Segundo o artigo “Liderando Através da Incerteza” de Lowell Bryan e Diana Farrel divulgado pelo The McKinsey Quarterly desse mês, há três atitudes a serem especialmente cultivadas em tempos de incerteza que podem garantir a sobrevivência e até a prosperar numa crise como a que vivemos: a flexibilidade, a consciência e a resiliência.
“A gama de futuros possíveis com os quais os negócios se deparam hoje é imensa. As companhias que estimularem a flexibilidade, abertura mental (conscientização) e resiliência terão maior probabilidade de sobreviver à crise e até prosperar nela.”

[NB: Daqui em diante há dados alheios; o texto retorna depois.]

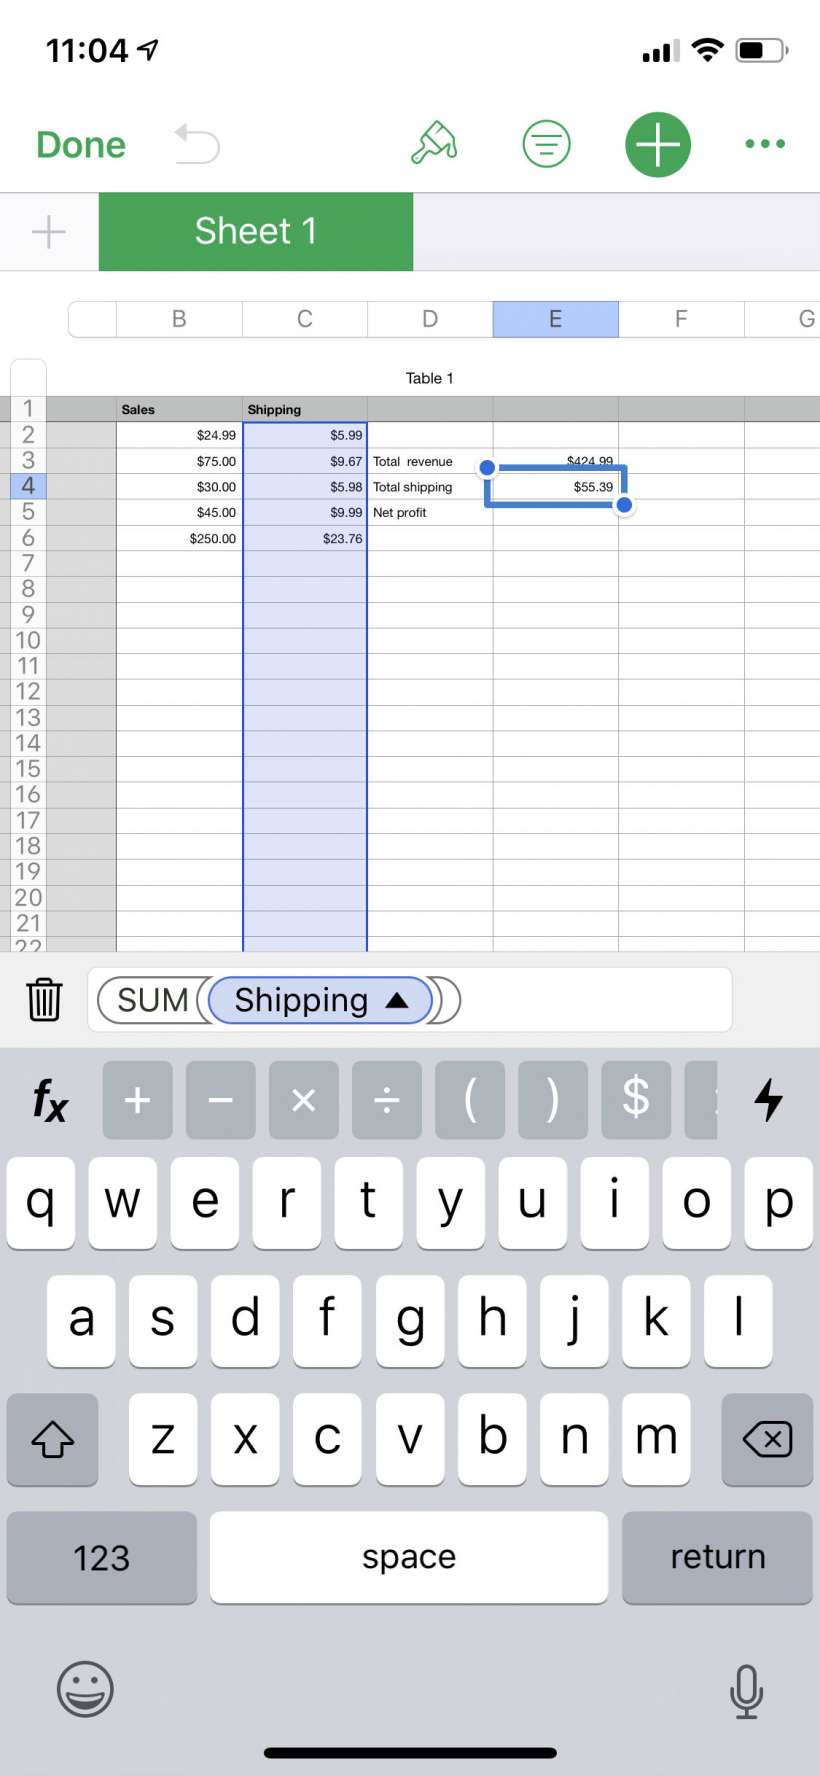 How to use formulas and functions in Numbers spreadsheets on iPhone and iPad.

Portanto, estão fadadas ao insucesso as empresas e as pessoas que por hábito se mantêm rígidas em suas zonas de conforto, que atuam no seu piloto-automático, com pouco hábito de refletir e se renovar. Aquelas que demonstram dificuldade de resistir a uma pressão forte sem detonar sua saúde e seu ambiente.

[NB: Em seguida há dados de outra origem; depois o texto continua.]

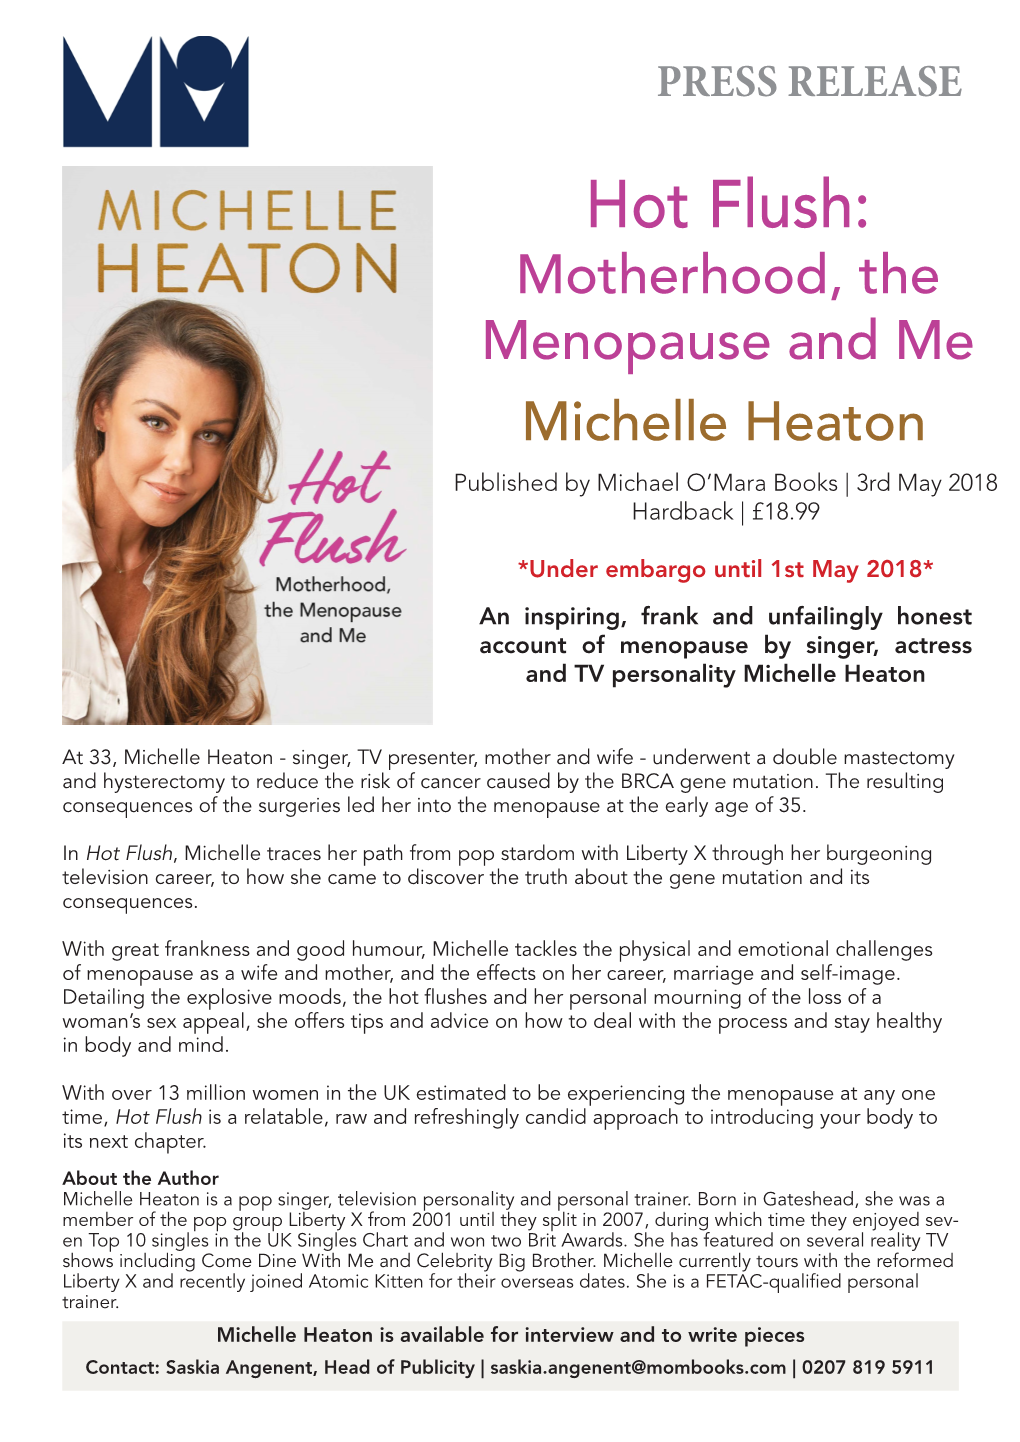 Hot Flush: Motherhood, the Menopause and Me Michelle Heaton Published by Michael O’Mara Books | 3Rd May 2018 Hardback | £18.99

Só sofrerão com crises financeira, corporativa, ambiental, familiar e/ou pessoal, aqueles que estiverem rigidamente apoiados no castelo de cartas das ilusões da permanência, constância e crescimento perene.
E é especialmente em situações adversas, como uma crise financeira de dimensões globais, que os líderes de corporações e instituições precisam demonstrar comportamentos que revelem flexibilidade, abertura mental e resiliência. Essa é a hora da verdade em que se sustentarão apenas os verdadeiros líderes que inspiram o renascimento de uma nova ordem, abandonando aquela que envelheceu e ruiu.
O Dr. Robert Hogan, Presidente de Hogan Assessment Systems, desenvolveu uma medida de personalidade (inventário Hogan de Desafios) que revela onze tendências de comportamento disfuncional que as pessoas em geral, e os líderes em particular, demonstram sob estresse. Destes onze potenciais descarriladores de carreira, destaco três que podem especialmente minar as atitudes produtivas acima mencionadas.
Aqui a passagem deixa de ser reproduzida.